A journey through the attempts artists, scientists, and tinkerers have made to imagine and communicate with the otherworldly using various technologies, from cameras to radiowaves.

Strange Frequencies takes readers on an extraordinary narrative and historical journey to discover how people have used technology in an effort to search for our own immortality. Bebergal builds his own ghostly gadgets to reach the other side, too, and follows the path of famous inventors, engineers, seekers, and seers who attempted to answer life's ultimate mysteries. He finds that not only are technological innovations potent metaphors keeping our spiritual explorations alive, but literal tools through which to experiment the boundaries of the physical world and our own psyches.
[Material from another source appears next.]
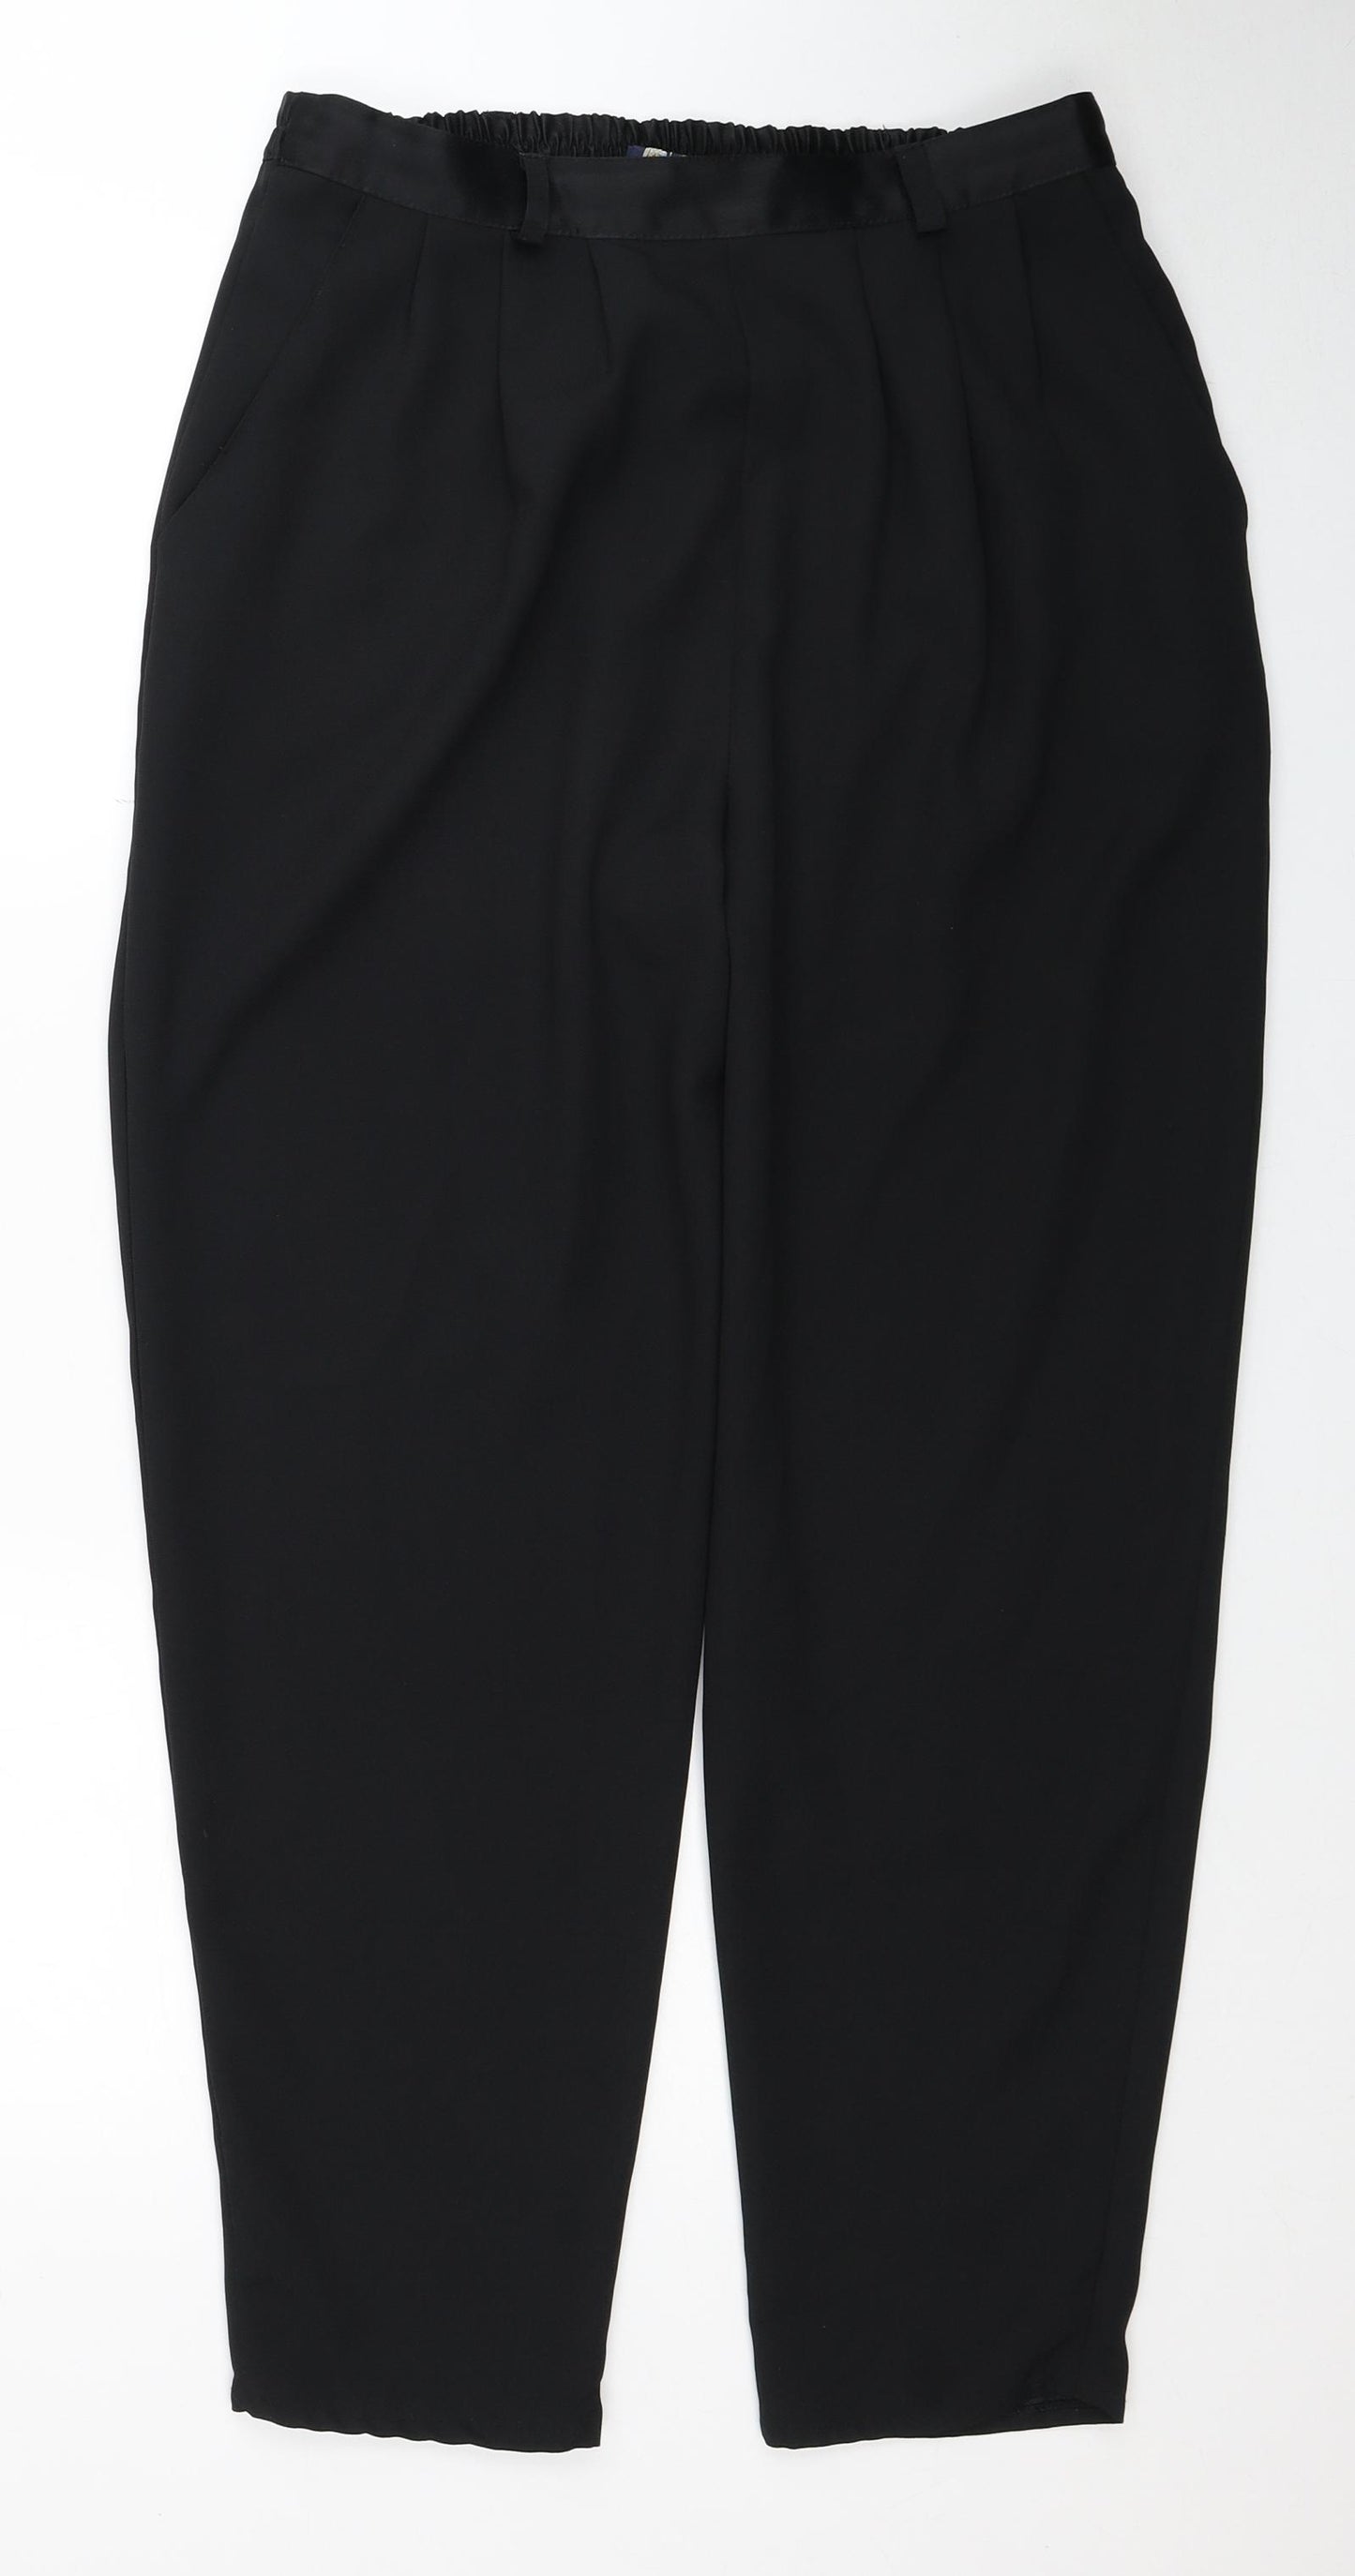 Your Sixth Sense Womens Black Polyester Trousers Size 14 Regular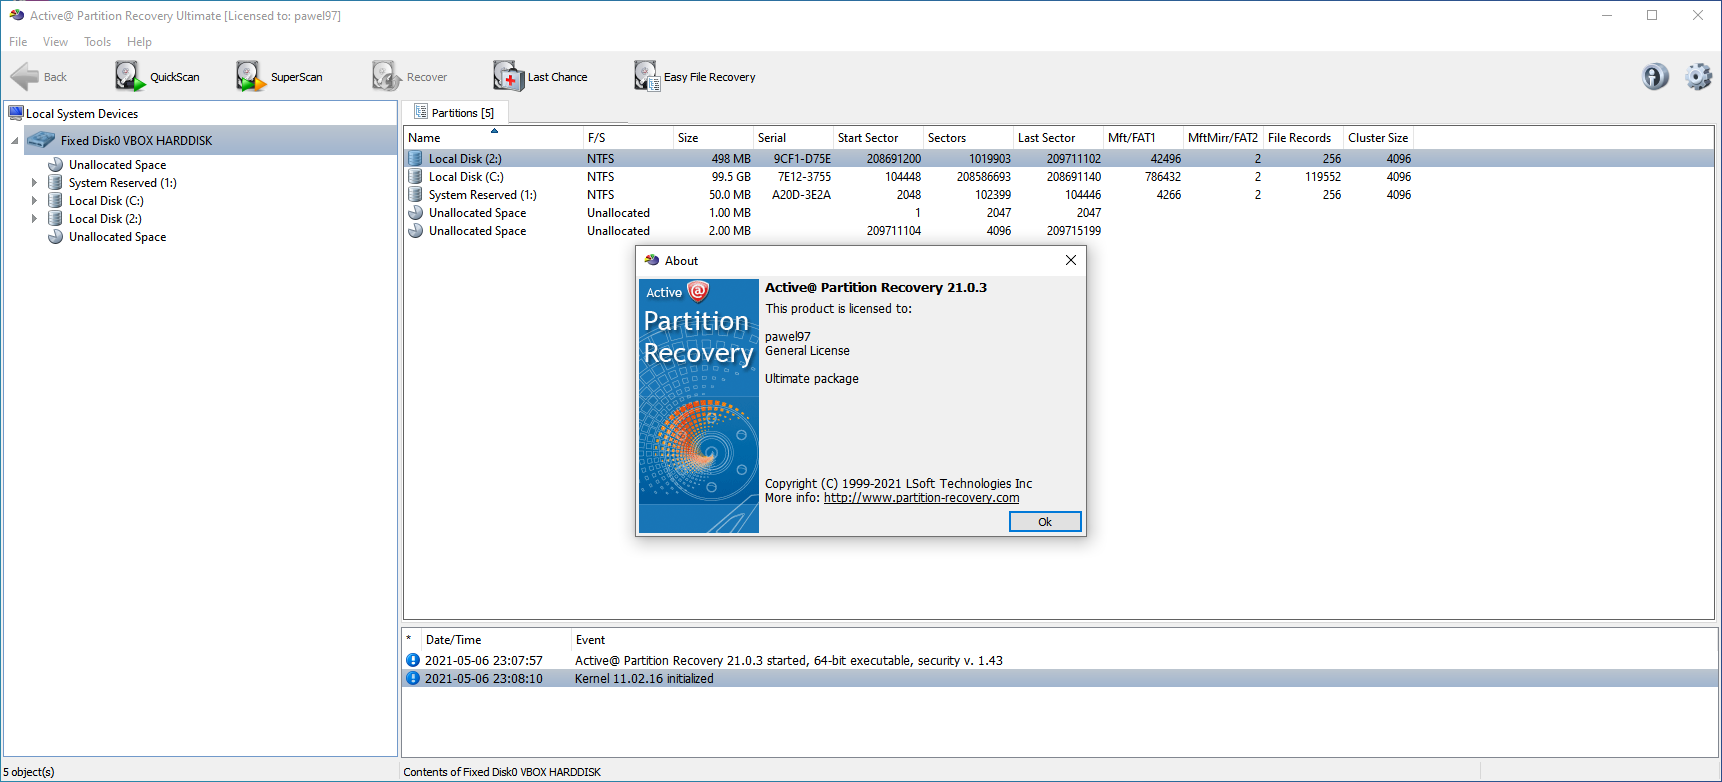 activepartitionrecovery21.0.3

Peter takes the reader alongside as he explores:
  • the legend of the golem and the strange history of automata;
  • a photographer who is trying to capture the physical manifestation of spirits;
  • a homemaker who has recorded voicemails from the dead;
  • a stage magician who combines magic and technology to alter his audience's consciousness;
  • and more.

  • Product Details

    ISBN-13: 9780143111825
    Publisher: Penguin Publishing Group
    Publication date: 10/23/2018
    Pages: 256
    Product dimensions: 6.20(w) x 8.90(h) x 1.00(d)

    About the Author

    Peter Bebergal writes widely on the speculative and slightly fringe. His essays and reviews have appeared in NewYorker.com,The Times Literary Supplement, Boing Boing, The Believer, and The Quietus. He is the author of Season of the Witch: How the Occult Saved Rock and Roll; Too Much to Dream: A Psychedelic American Boyhood and The Faith Between Us: A Jew and a Catholic Search for the Meaning of God (with Scott Korb). Bebergal studied religion and culture at Harvard Divinity School, and lives in Cambridge, Massachusetts.

    Read an Excerpt

    The Golem of Boston

    I knew that attempting to create a golem was going to be difficult. To build a golem-a clay figure brought to life by divine magic-first requires a mastery of ancient and medieval Hebrew. I can recite the Aleph-Beit, I can recognize the letters in a prayer book, and even sound them out slowly during a Yom Kippur service, but unfortunately, I never learned any more than what was required for my bar mitzvah, almost four decades ago. And even if I get up to speed on the rudiments of the language, there is a still greater obstacle: reciting the 97,240 permutations of the combinations of the Hebrew letters (yod-he-vov-he) known as the tetragrammaton, the name of God believed to have been given to Moses on Mount Sinai. This magical formula-found in the ancient Jewish text the Sefer Yetzirah-is the source code, the divine programming language that not only powers a golem, but was believed by Jewish mystics to be the script that runs the universe. My proficiency in Jewish mysticism is akin to knowing three commands of BASIC ("INPUT," "GOTO," "PRINT"). The attempt, nevertheless, illuminated how and why the golem has become the most compelling metaphor for acts of magical and technological handiwork that is also a microcosm of the divine creation.
    My very first encounter with the golem legend came long before this recent investigation in a Yiddish tale "The Golem" by I. L. Peretz, translated by Irving Howe, in the collection A Treasury of Yiddish Stories, which sat on the bookshelf in the den of my childhood house. This version of the famous legend tells of the pogroms in the Prague ghetto getting worse and worse until one day the people urge Rabbi Judah Loew (usually rendered in Howe's translation as sourced as Loeb), the great scholar and mystic, to help them. In an almost matter-of-fact tone, Peretz describes the rabbi going out into the town, gathering up some mud, and forming it into the likeness of a man, and then he "blew into the nose of the golem-and it began to stir; then he whispered the Name into its ear," and the golem went out of the ghetto and began slaughtering the gentiles. Eventually, the Jews of the ghetto thought this was taking things too far and begged the rabbi to stop the golem. Loeb recited a prayer, "whispered into its ear," and the golem became a lifeless hunk of clay. There are several variations, most notably those where the golem is not destroyed but rather made inert, its body hidden in the attic of Loeb's synagogue.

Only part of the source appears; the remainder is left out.